From 1603, Keere began creating large urban panoramas, including Utrecht, Cologne, Amsterdam, and Paris. Around 1604, he was preparing the publication of the atlas Germania Inferior id est Provincuarum XVII. This first appeared in 1617, with a foreword by Petrus Montanus.

=== Miniature Speeds ===
From around 1599, van den Keere engraved a series of small-format maps of the British Isles, including the counties of England and Wales, as well as Scotland and the provinces of Ireland. These plates were based on earlier cartographic sources, including the work of Christopher Saxton, Abraham Ortelius, and Giovanni Battista Boazio.

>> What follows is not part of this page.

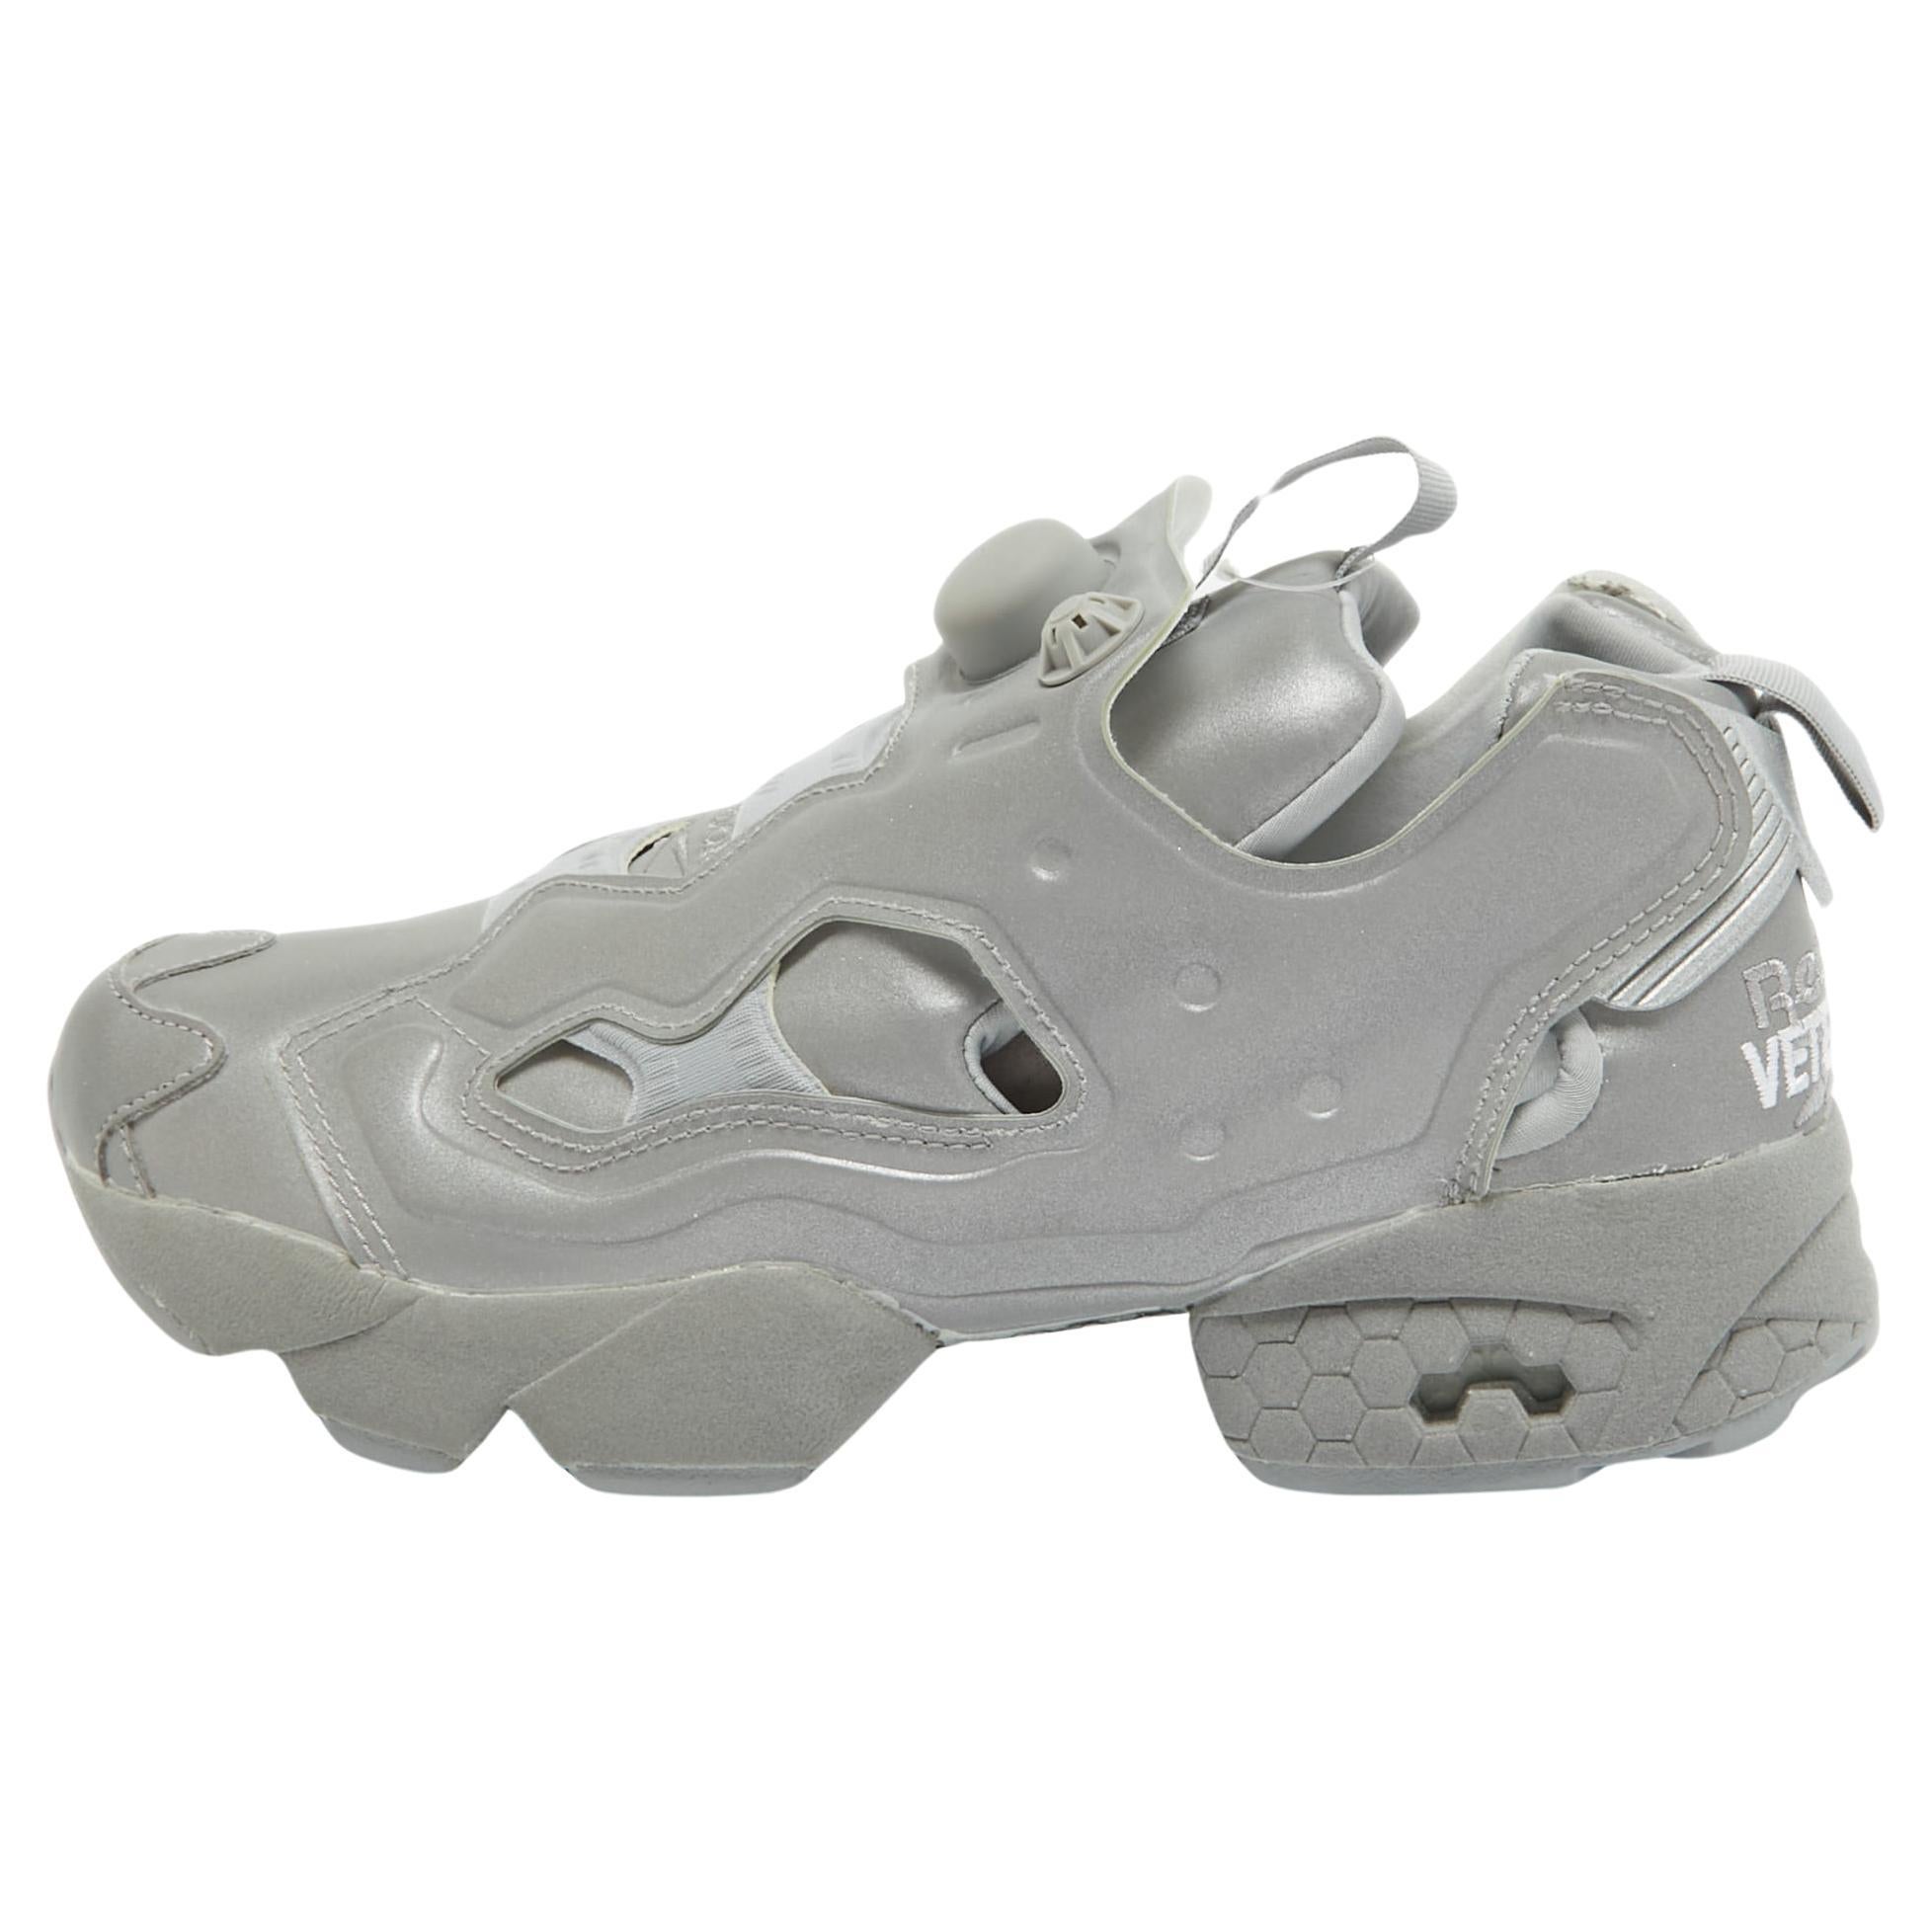 Vetements x Reebok Grey Reflective Fabric Instapump Fury Sneakers Size 38.5

Although the plates were engraved by 1599, they did not appear in print until 1617, when they were published in Amsterdam in a Latin edition of Britannia by William Camden, issued by Willem Blaeu; the reasons for this delay of nearly two decades are not clearly documented.

The plates were later acquired by the publisher George Humble (sometimes attributed to William Humble), who in 1627 issued them as a pocket atlas associated with John Speed's The Theatre of the Empire of Great Britaine. In this edition, van den Keere's maps were issued together with the descriptive texts from Speed's atlas and adapted for the smaller format. Because of their association with Speed's work, they became known as the "Miniature Speeds".

Carl Moreland and David Bannister state that in 1627 George Humble published a major edition of Speed's atlas and also issued the van den Keere maps as a pocket edition using the descriptive texts of the larger work. Of the 63 maps in the atlas, 40 were derived from van den Keere's original plates.